The next day, after my mother left for work, I went to pick up my clothes.  She had written me a note and left it on the table.  I don't remember much of what she had written except that the gist of it was to have me come home and we'd "talk" about what happened.  I had already heard all the "talking" I ever wanted to hear from them.  "Talking" in their house = manipulation.  I knew I wasn't wanted there.  It was all a smokescreen.  I turned the piece of paper over, and wrote that I wasn't coming back and that it was time for me to leave.  I know I wrote more than that, but I don't remember what else I wrote.  I know that I was paying board, taking care of everything in the house and working full time, all the while being abused by my father.  I'd had enough.  I'd sleep under a bridge if I had to, but I would never spend another night in their house.  I gathered up my clothes and my stereo, put them in "my" car and went back to work.

I stayed at my boyfriend's parents' house for the next week, with their permission.  They were away in Wisconsin at the time, but I wanted to be sure I had their permission before staying there.  They were so good to me.  They were very giving and understood that I had no place to go.  I left my clothes in the car because I was determined to not take too much advantage of their hospitality, and find an apartment as soon as possible.

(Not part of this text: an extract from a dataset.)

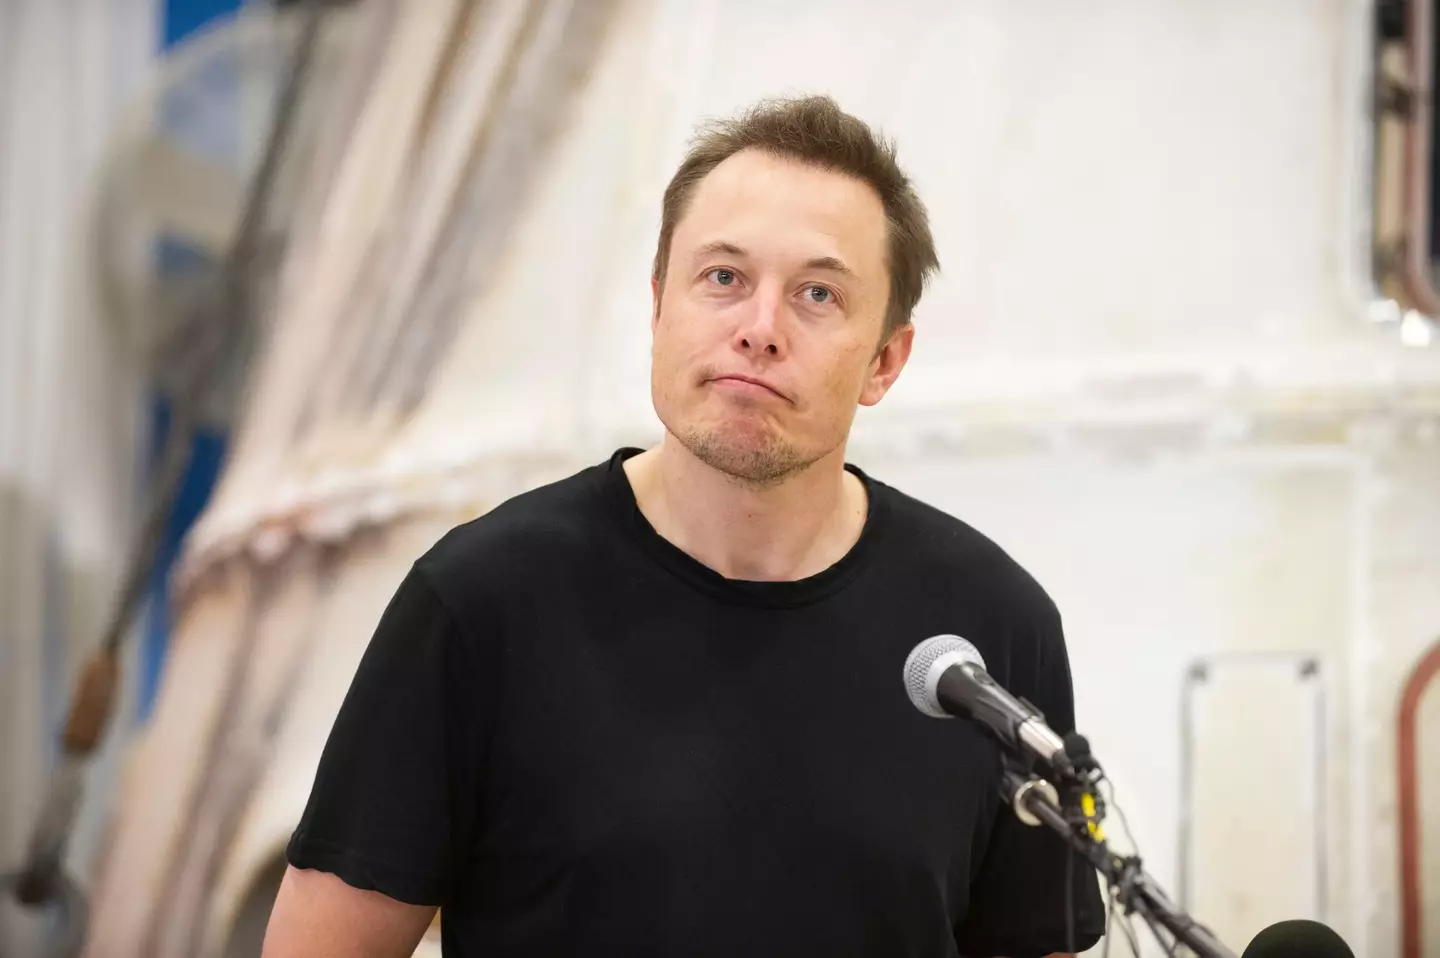 Elon Musk has sold almost $7 billion of Tesla stock over the last week.
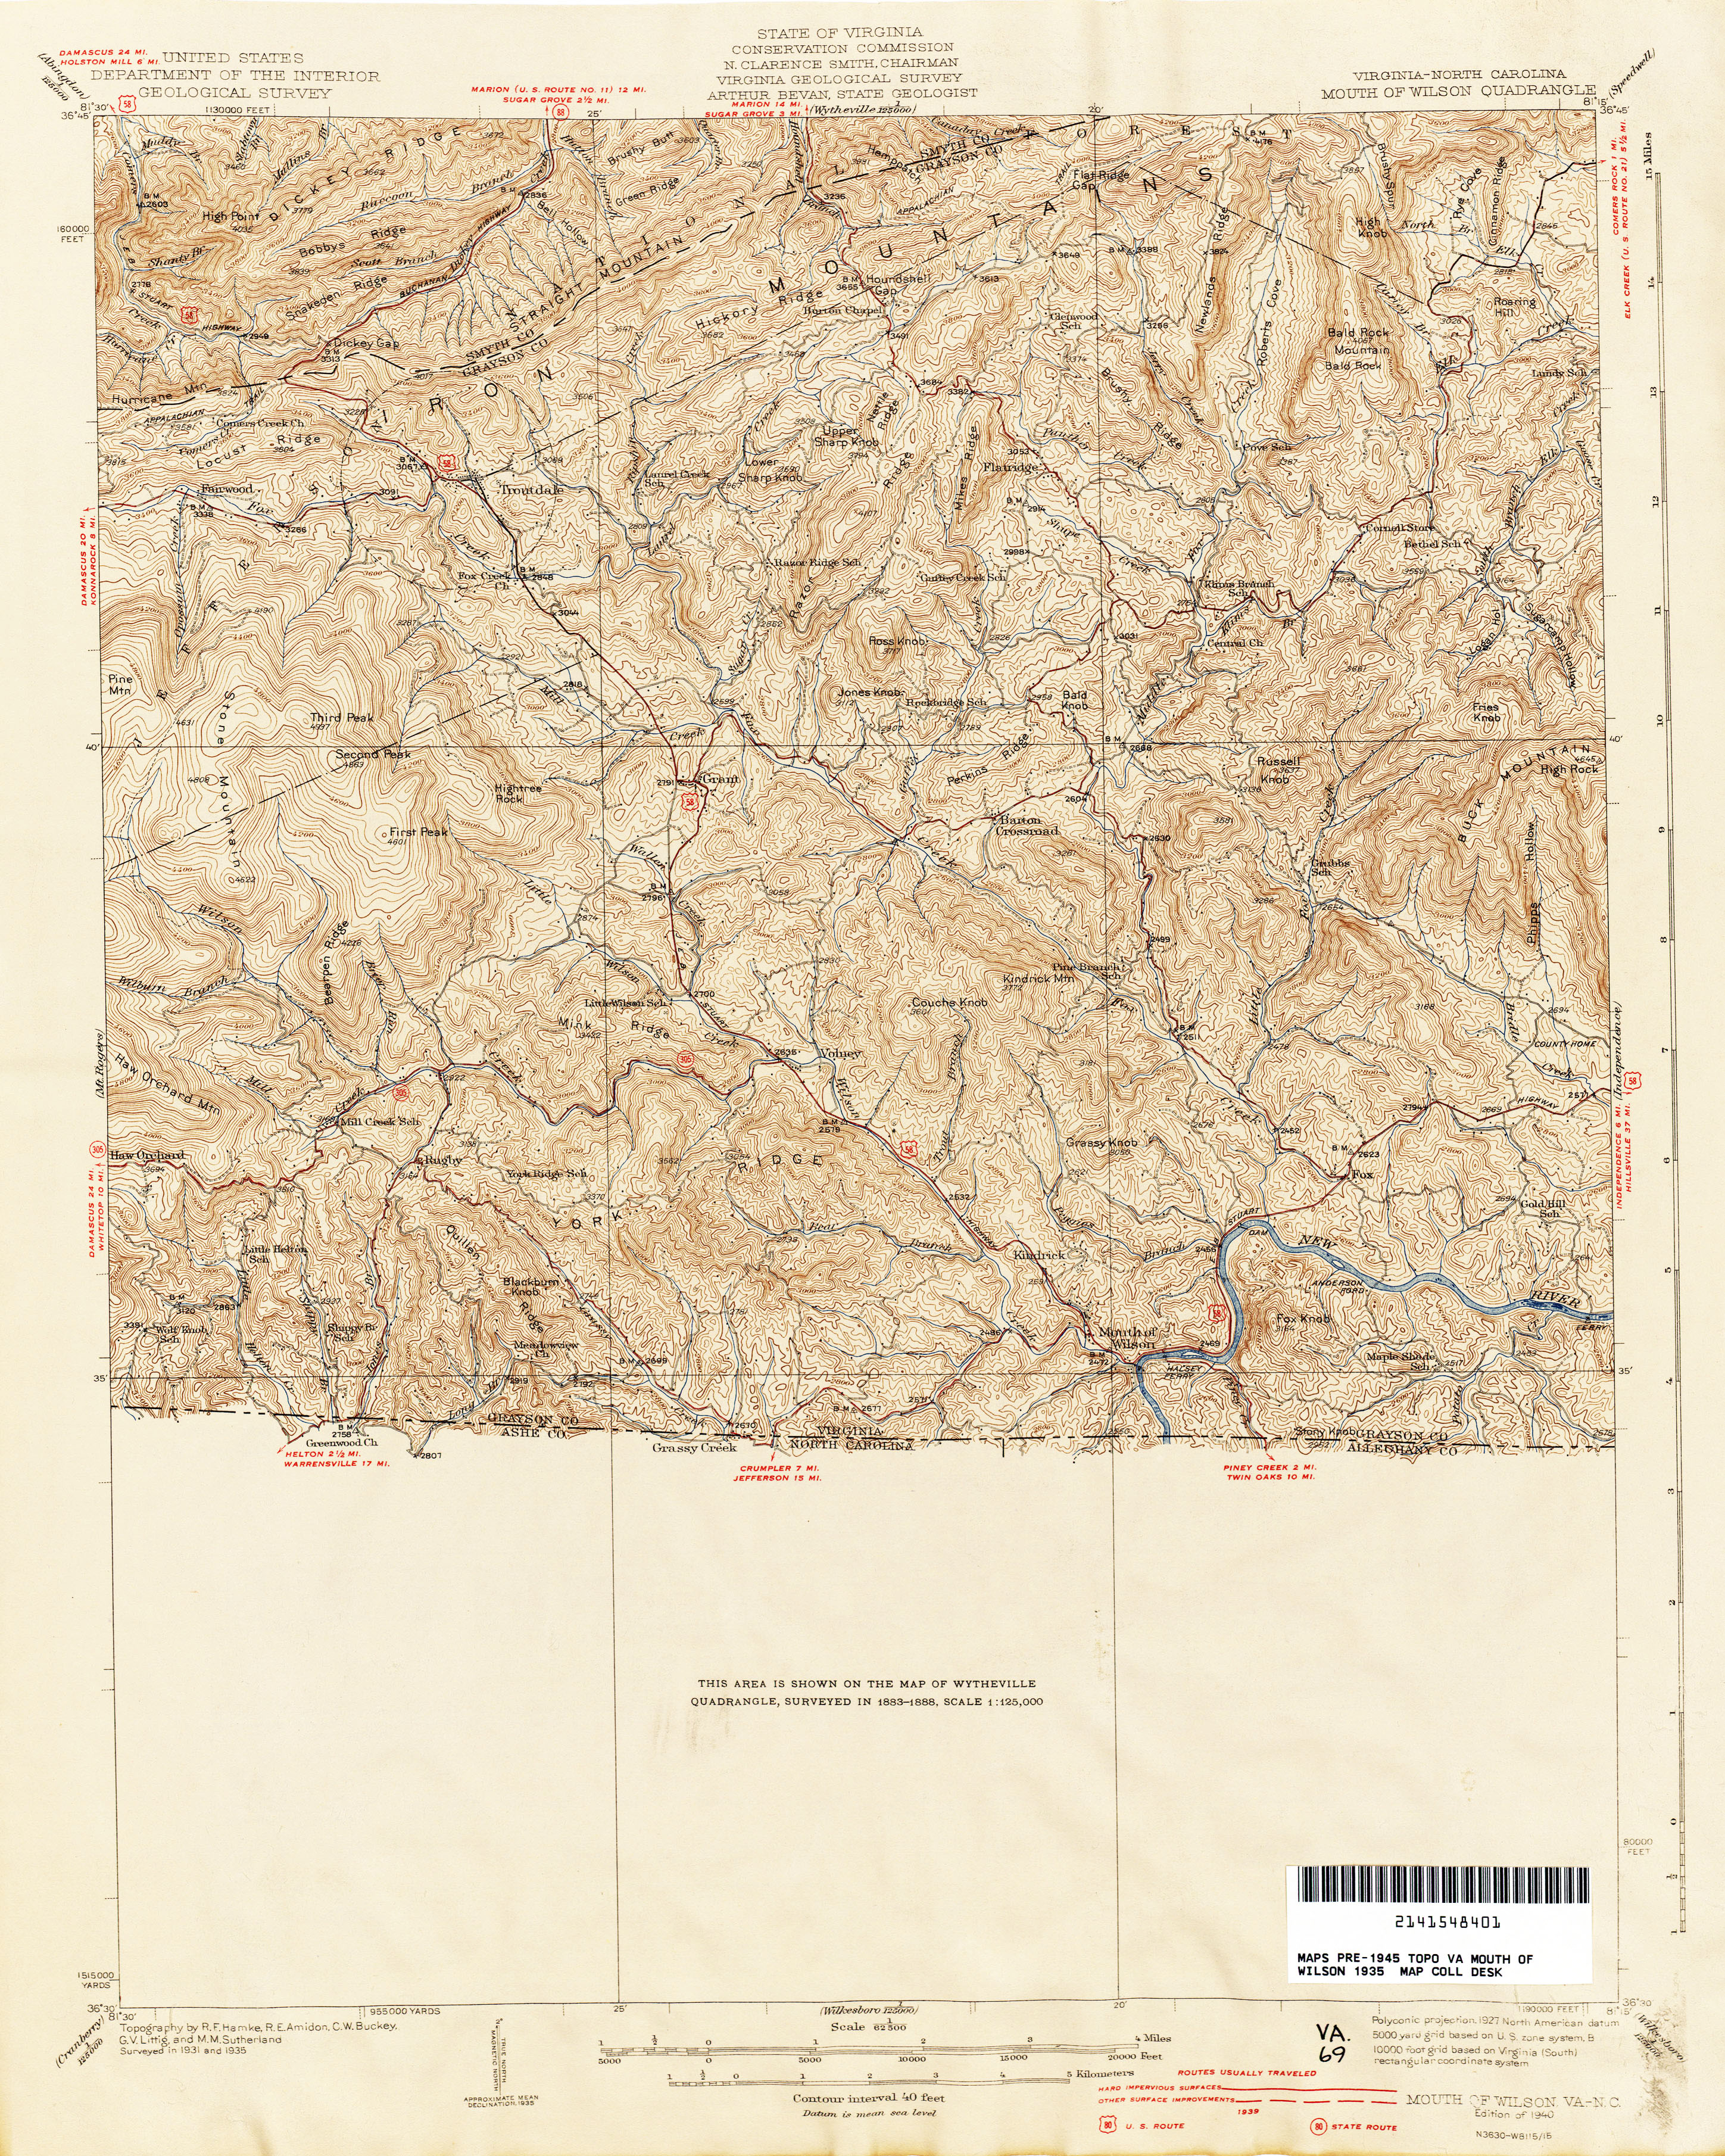 USGS 1904-23x28 Nantahala North Carolina Tennessee Quad

Apparently, it wasn't soon enough.  A few days later, I got a call at work from my father, telling me that they had taken my car while I was at work, "because we pay the insurance."  What utter bullshit.  They wanted to make me suffer.  Now I had no clothes, no way to go anywhere, and no place to stay.  I asked my boyfriend (now fiance') to get his brother's truck and take me to get my clothes (again).  He did, and when I arrived at my parents' house, my former family piled out onto the lawn and came at me.  While my fiance' was taking my clothes, I turned to my family and said "If the car means so much to you, KEEP IT!"  I threw the keys at them.  We left, but that wasn't the end of it.

The place that I worked (Bee Chemical) was an account that my father serviced for NCR.  He would find any excuse to come there and make trouble for me.  It became apparent that I was going to have to leave Bee if I wanted any peace.  But I was also going to have to do something significant to make my family leave me alone.  So I married my fiance' on a Friday night in December, with only his parents and two witnesses in attendance.  I wore a green and white plaid dress, and had no flowers, no bridesmaids and no reception.  The Wahls (my in-laws) were wonderful to me.  They took us out to dinner after the chapel wedding and treated me like a daughter from Day One.  Betty, my mother-in-law, said I could call her MOM, which could mean My Other Mother, and call Bud DAD for Drunk And Disorderly.  I loved them both so very much for taking me in and loving me so unconditionally, especially when my own parents were so abusive.  I had never known people like the Wahls before, and not many since.  I miss them.

So when this poor cashier told me of her plight, it was all I could do NOT to wrap my arms around her and tell her it would be all right.  After all, she didn't know me, and did I really know it would be all right?  The truth was, I didn't.  Life is a series of traumatic events.  It's been said that whatever doesn't kill you makes you stronger.  At this rate, I ought to be able to benchpress a Buick.